How to complete this task:
Only the lines from the one containing "นิวยอร์ก - เมือง" through the end of the data are wanted, reproduced exactly and without pictures.

Stored data:
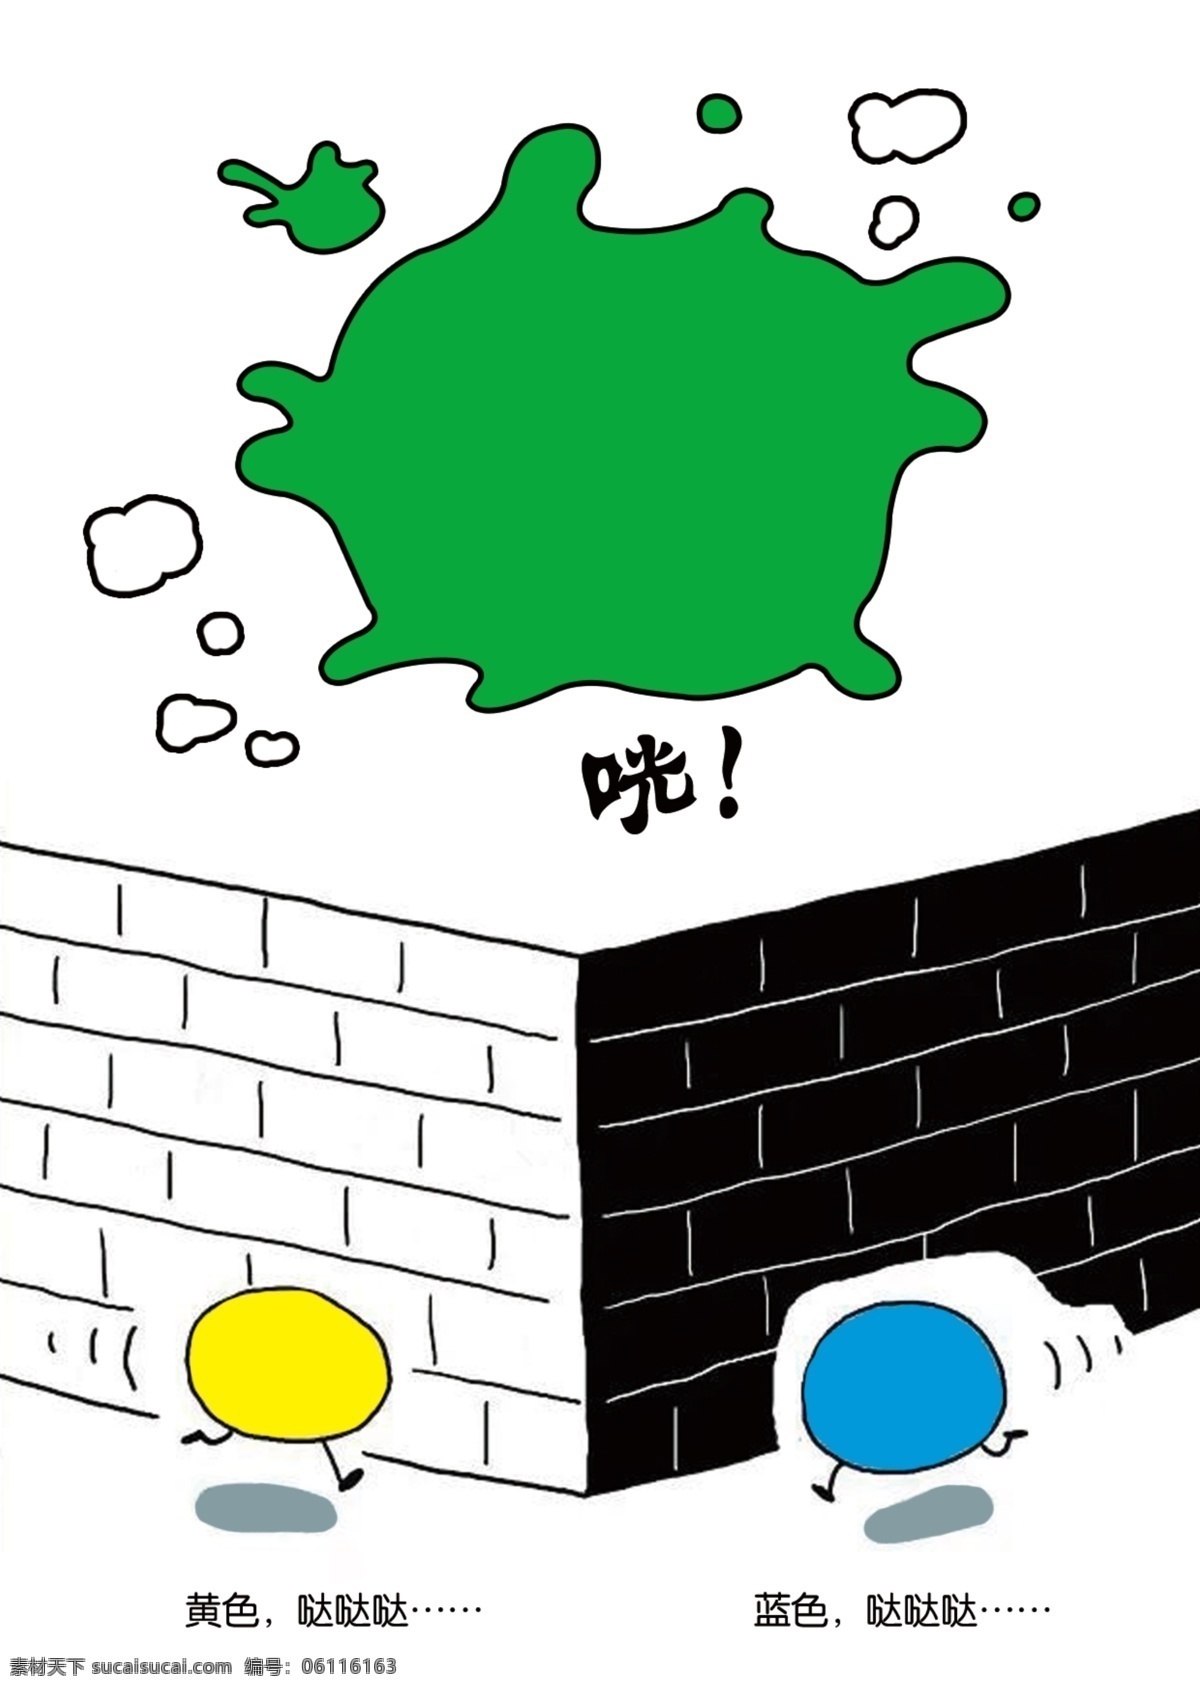 墙 咣 绿色 黄色 蓝色 跑跑镇绘画
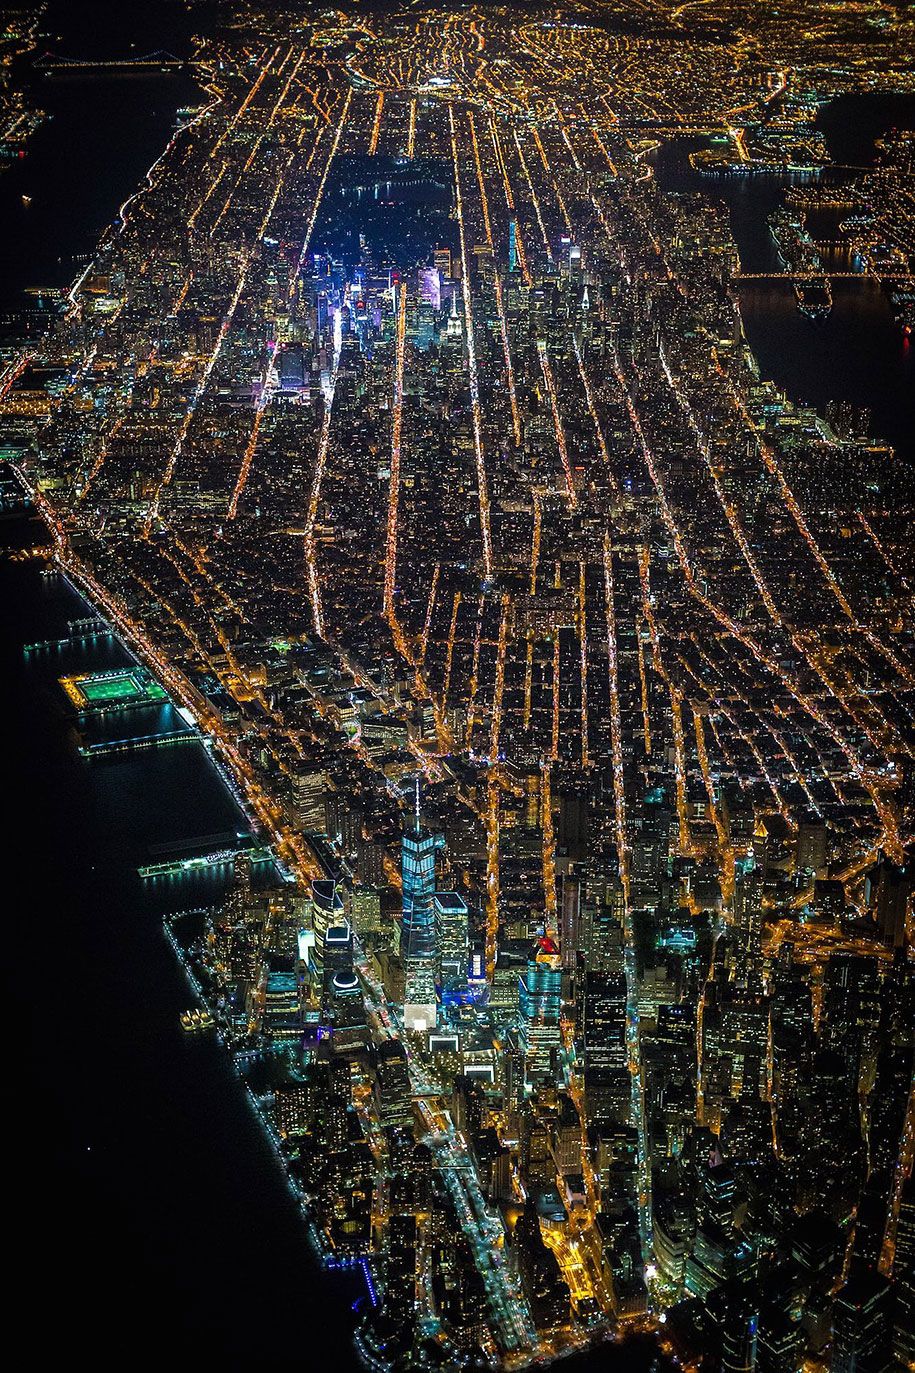 นิวยอร์ก - เมือง - ทางอากาศ-photopgrahy-vincent-laforet-5
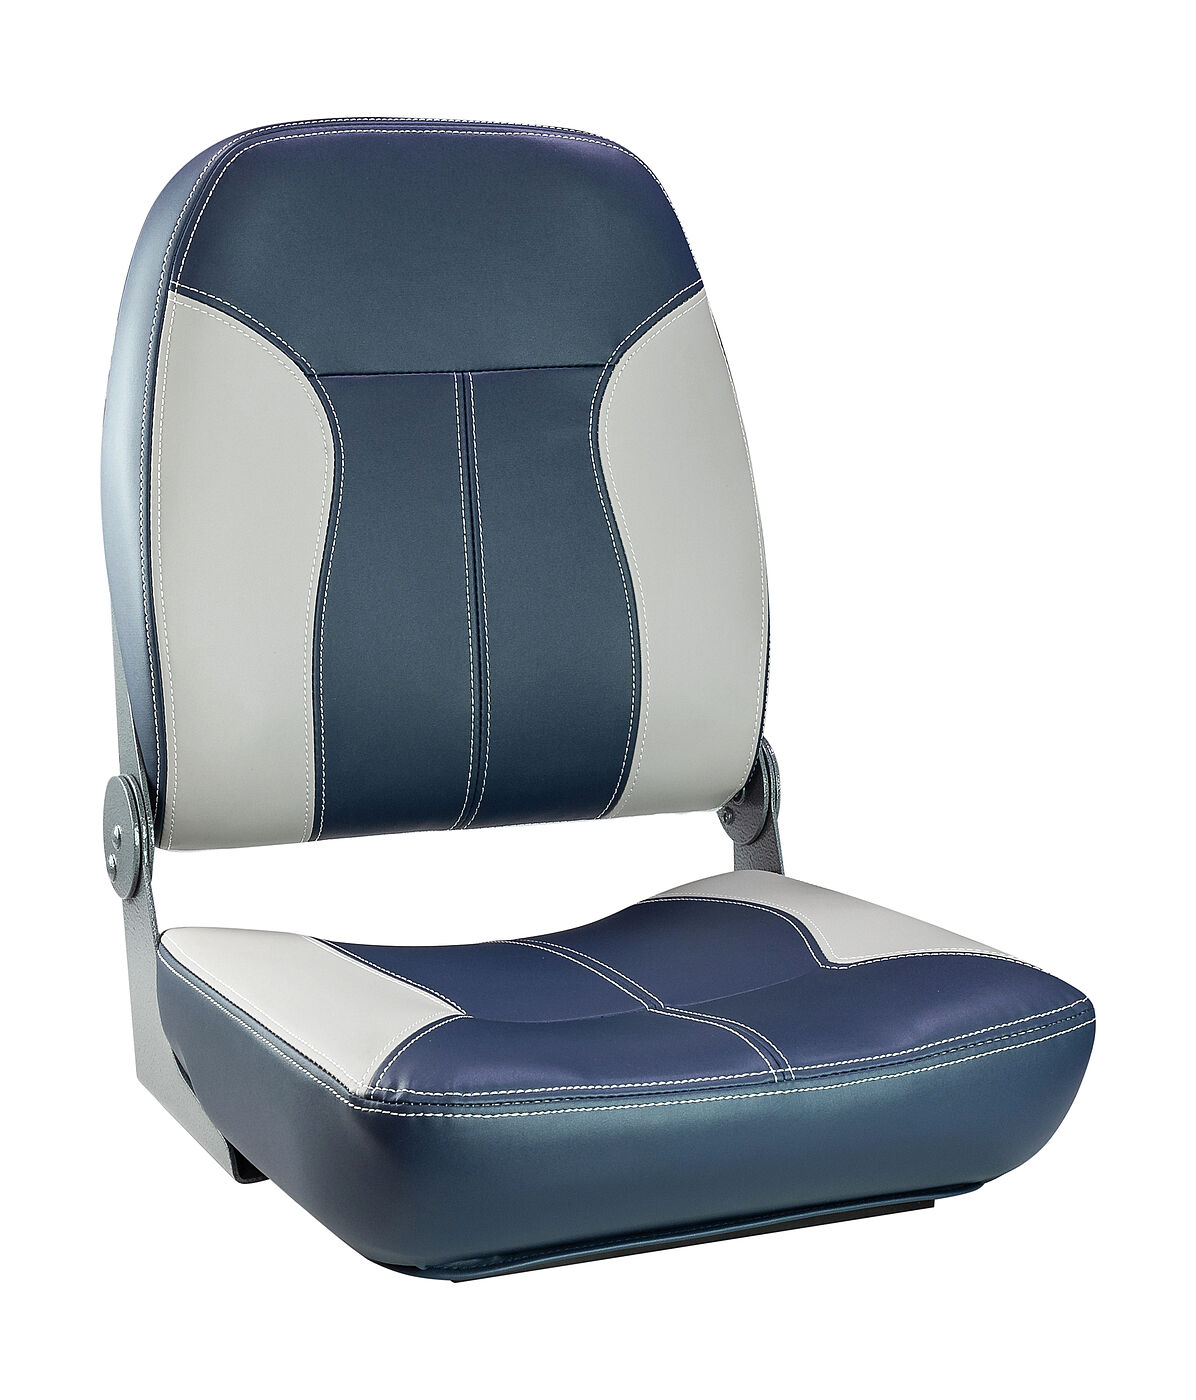 Кресло складное мягкое SPORT с высокой спинкой, синий/серый Springfield 1040513
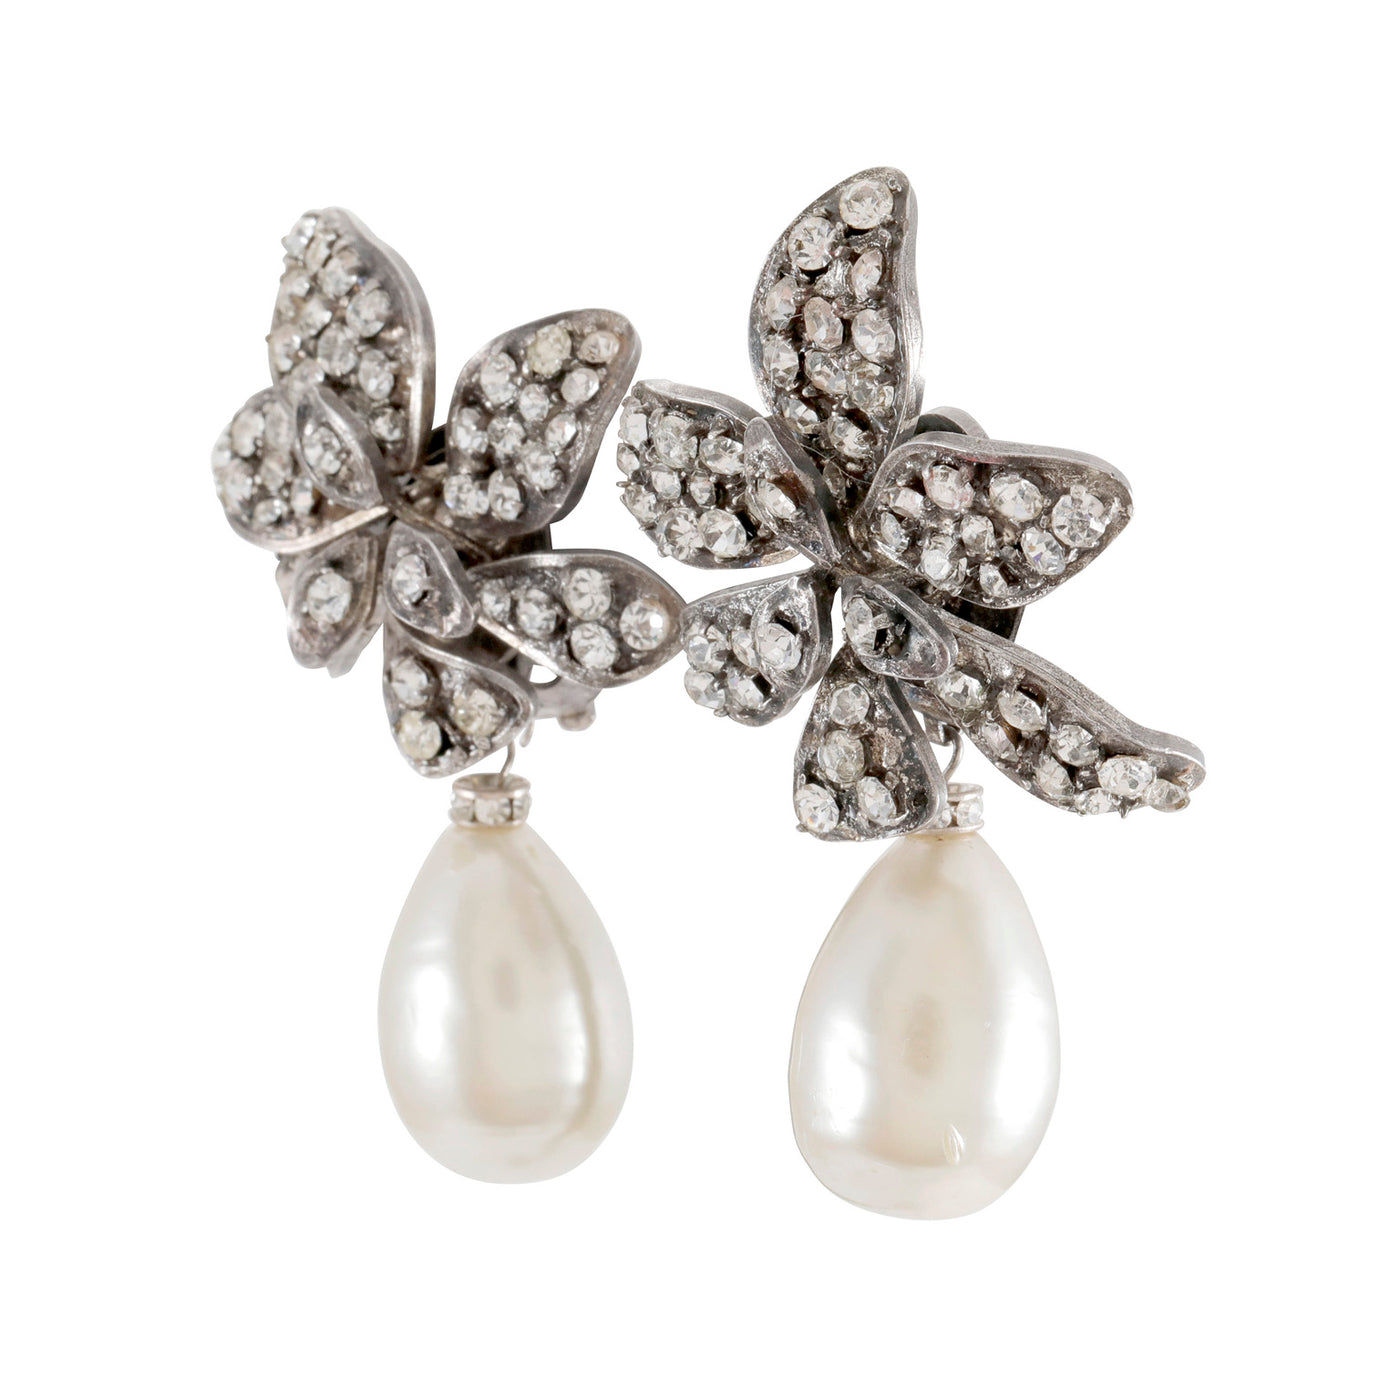 Chanel Silver Crystal Flower Earrings w/ Large Pearl Drop

Answer space:
 นิวยอร์ก - เมือง - ทางอากาศ-photopgrahy-vincent-laforet-5
 Кресло складное мягкое SPORT с высокой спинкой, синий/серый Springfield 1040513
 Chanel Silver Crystal Flower Earrings w/ Large Pearl Drop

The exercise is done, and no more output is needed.